Graph 7 shows that the uniformity of the flock was better at the critical ages for coccidial challenges (between weeks 8 and 12), when the birds were immunized with live vaccine attenuated for precociousness. Moreover, the birds vaccinated with EVALON® never had to undergo anticoccidial treatments and had good intestinal integrity, good weight gains and less selection pressure (Graphs 5 and 6).
Coccidiosis in Chickens: uniformity of the flock Graph 7. Percentage uniformity in rearing.
The body weight of females and males was not affected by the administration of the EVALON® vaccine. In Graphs 8 and 9, it can be seen that the birds followed a linear trend towards an increase in body weight. In the females vaccinated with EVALON®, the body weight was +10 grams above the standard weight, compared to the females that were given an unattenuated vaccine, which increased by 133 grams. In the males, both those vaccinated with EVALON® and those vaccinated with unattenuated strains, the weight at 20 weeks of age was slightly higher than the parameter recommended by the breed. The higher final weight in the females of the unattenuated group was surely influenced by a higher selection pressure (due to less uniformity) which resulted also in increased mortality in this group.
Coccidiosis in chickens: body weight of females Graph 8. Weekly body weight (G) of females.
Coccidiosis in chickens: body weight of males Graph 9. Weekly body weight (G) of males.

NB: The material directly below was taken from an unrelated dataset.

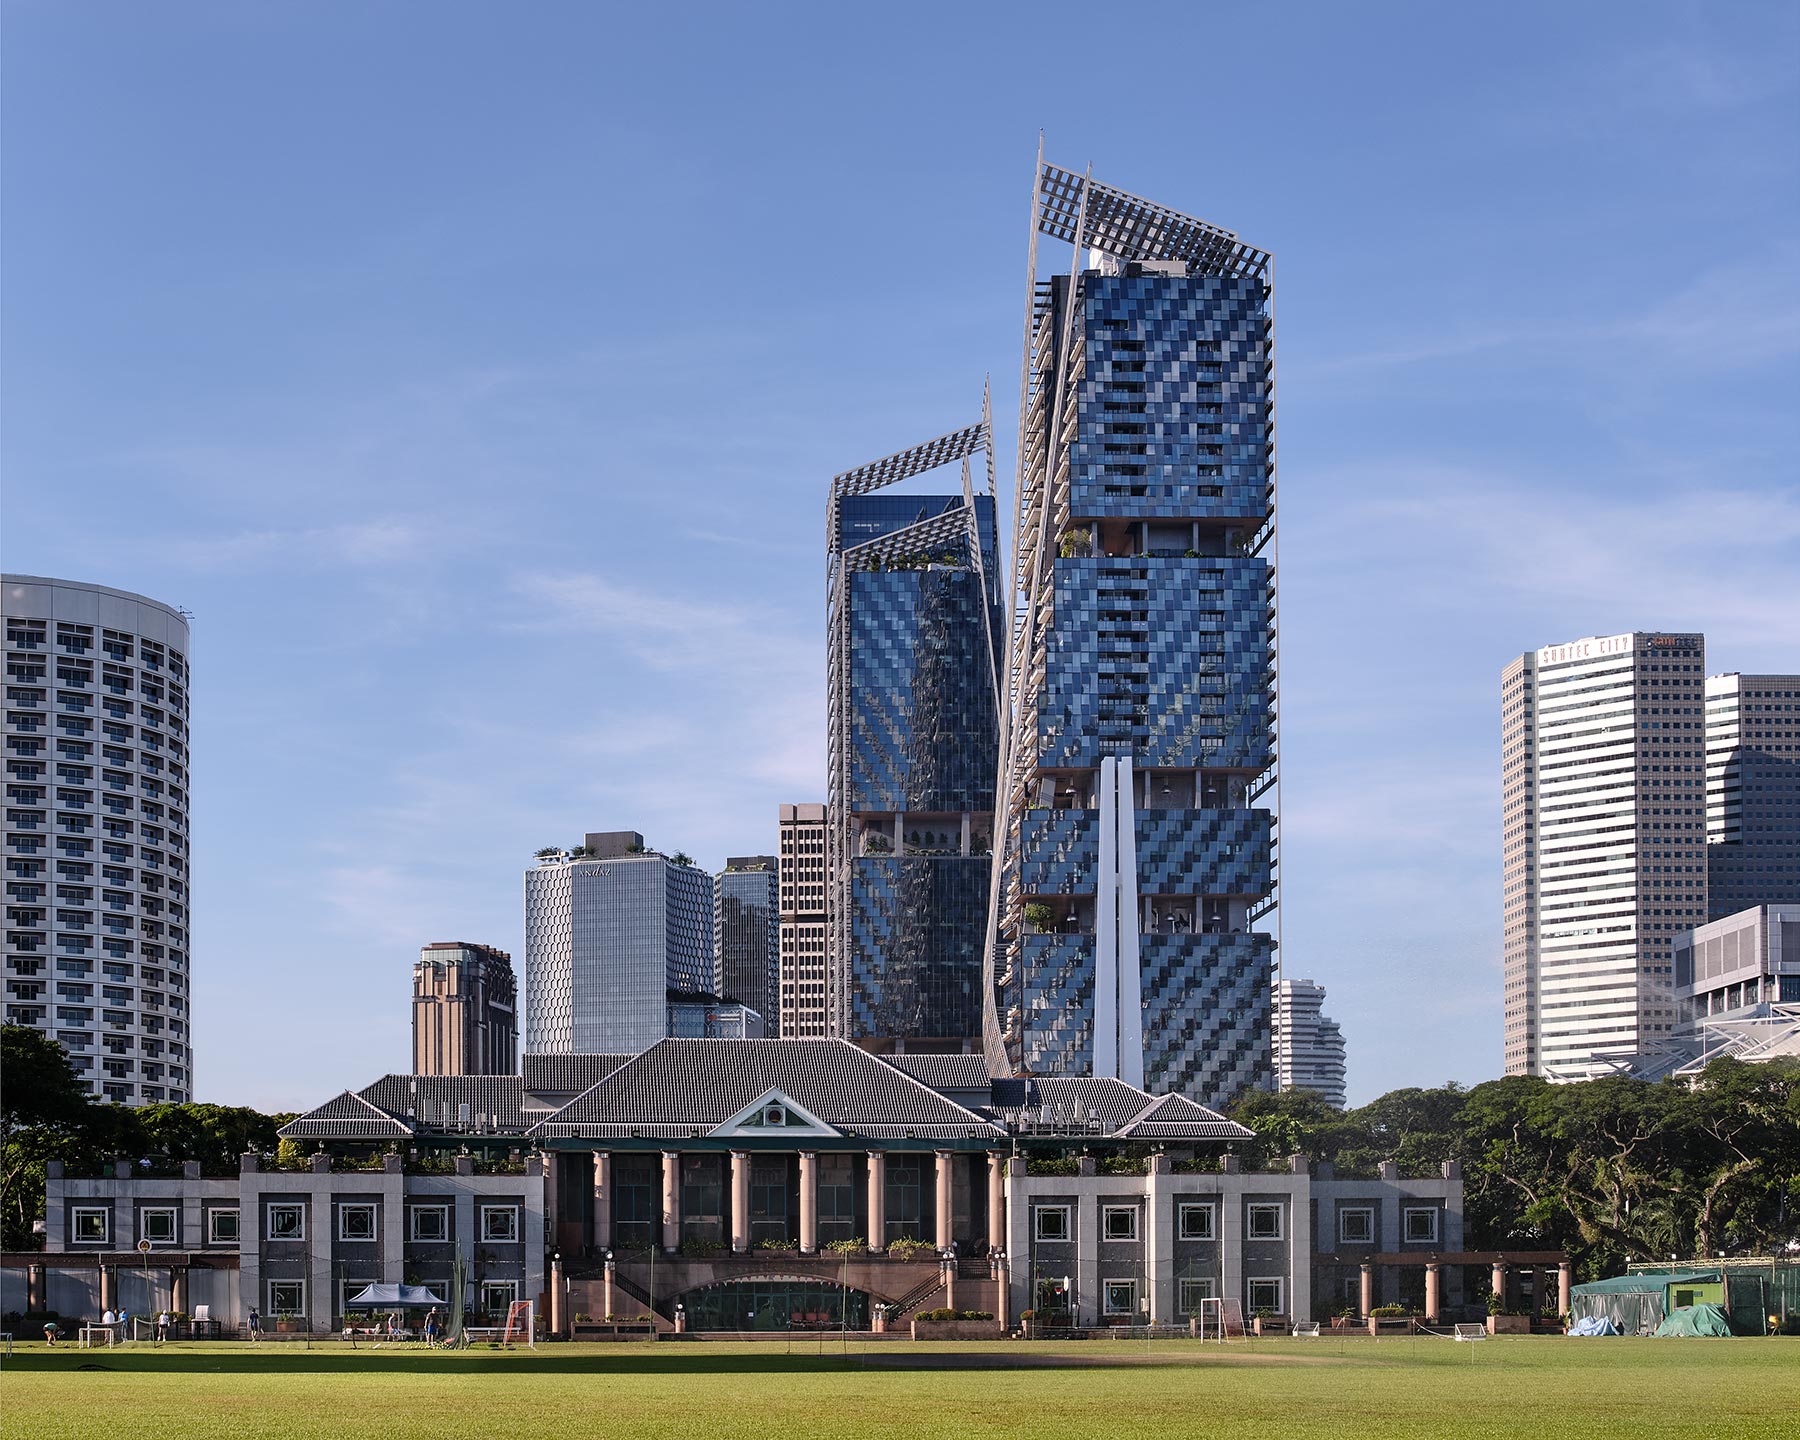 South Beach Tower, Singapore. Owen Raggett, architectural photographer, Asia

To conclude, the results of this study show the efficacy of the use of the EVALON® vaccine (live vaccine attenuated for precociousness) in the prevention of Eimeria in broiler breeders, reared on farms and in areas of Mexico at risk of outbreaks of wild coccidia.   REFERENCES:
  • Dardi M., Baratelli M., Boix O., Pagès M., 2017. Safety Concerns regarding coccidiosis vaccines. Comparison of attenuated and non-attenuated type vaccines. Proceedings of the XXth World Veterinary Poultry Association Congress. Edinburgh, UK.
  • Johnson J., Reid W.M., 1970. Anticoccidial drugs: lesion scoring techniques in battery and floor-pen experiments with chickens. Exp. Parasitology 28(1): 30-6.